# Bear/Jennings module



## Cajunsaugeye (Apr 9, 2013)

So,I purchased a Jennings trophy master carbon twill bow for my brother who fell on hard times and had to sell his own bow.Problem is that I'm pretty sure it'll be too long of draw for him w/current w3 module in it.Now,I have no idea the range of adjustment of this cam,what module corresponds to what length,etc.I'm looking to get him to a 27" draw length.If anyone has an old W5 module lying around somewhere wanting to sell or donate its think it's what is needed here.If anyone has any info or help in the settings of this bow/cam,send em.I wanna get him up and shooting ASAP.Thanks all.

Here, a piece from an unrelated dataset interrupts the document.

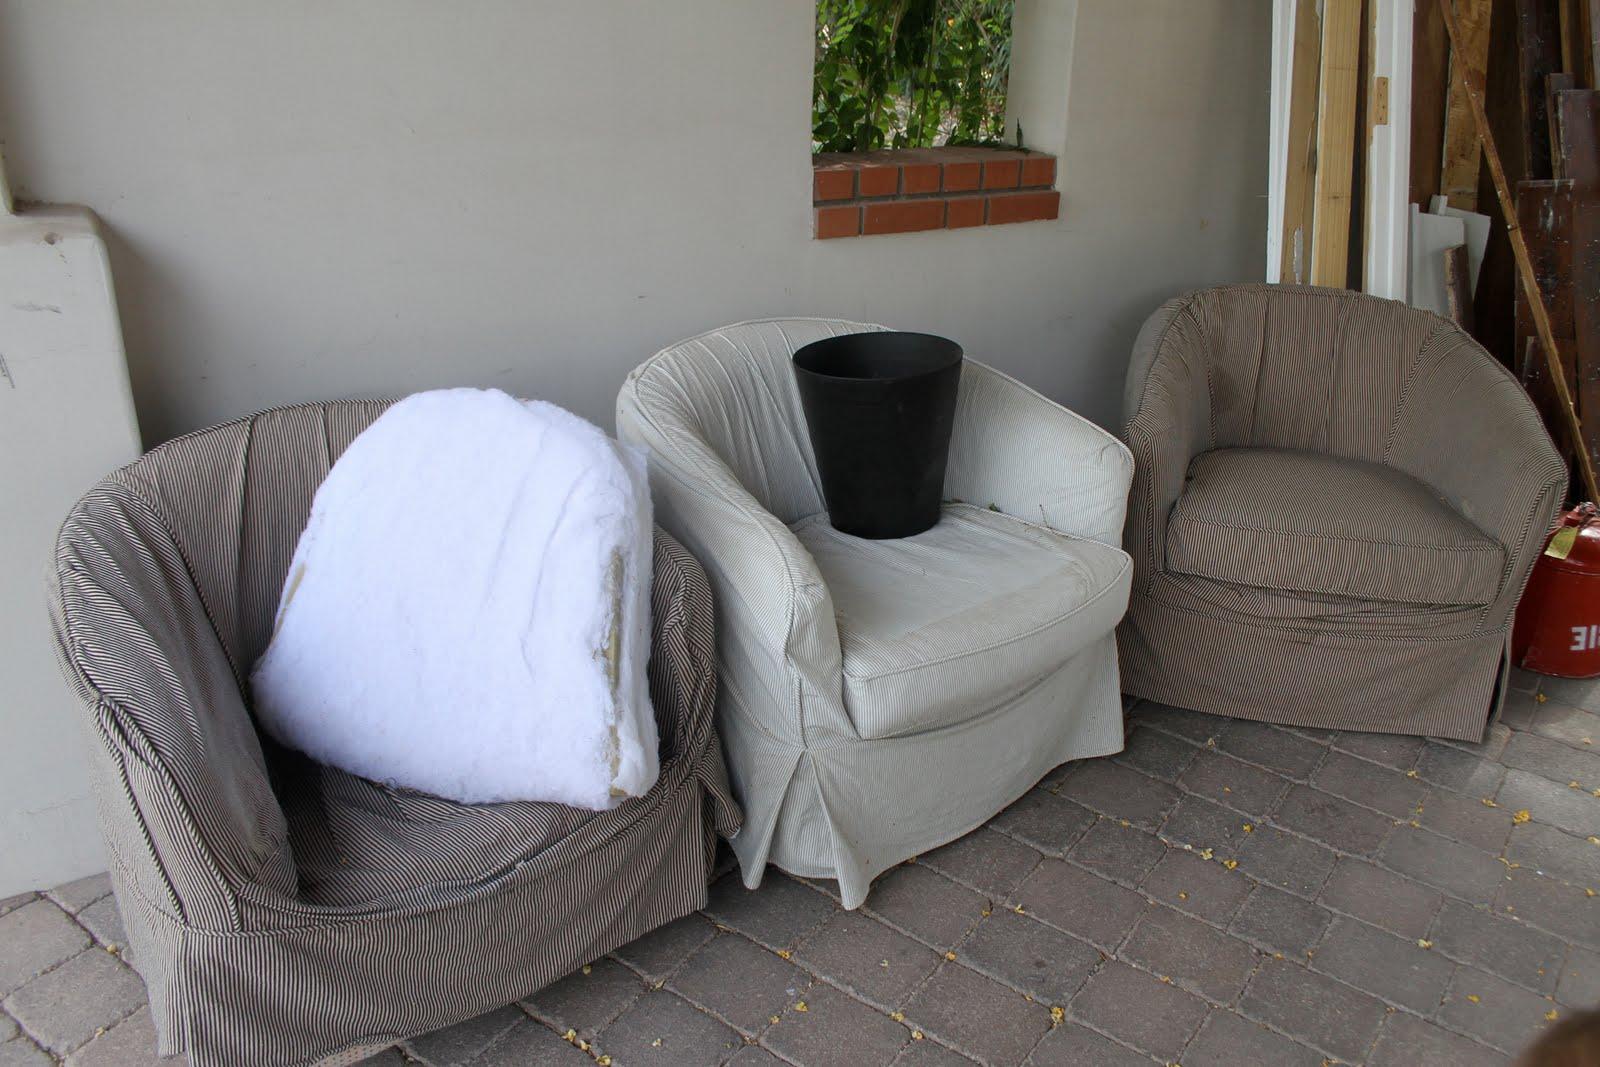 Barrel Chair Slipcover : barrel05 from inari-hof.de size 1600 x 1067 jpeg 229kB

Sent from my VS870 4G using Ohub Campfire mobile app


----------



## treefrog (Sep 15, 2005)

Where you located.I think I have one in 28".Let me look for it and I will get back to you.Im in Ashtabula county,so if you would want it 5 bucks and a dollar or 2 for shipping.Or pick it up if your close.


----------



## Cajunsaugeye (Apr 9, 2013)

I'm down in pickaway county south of Columbus.Let me get the bow( arriving on the 7th) just to verify that it's too long and I'll hit you up.That price is fine and thank you.And so I get confirmation to my small bit of knowledge of these module/cams,is that 28" a W4 mod.?

Sent from my VS870 4G using Ohub Campfire mobile app


----------



## treefrog (Sep 15, 2005)

sorry bud,only bear/jennings mod i found in my collection in 27" and 28" are the rockstops.Im not sure if those would work or not.You could call Escalade sports and ask if the would or if they have mods. for that bow.If you dont know thats who makes bear and did make the last of the jennings.http://www.escaladesports.com/


----------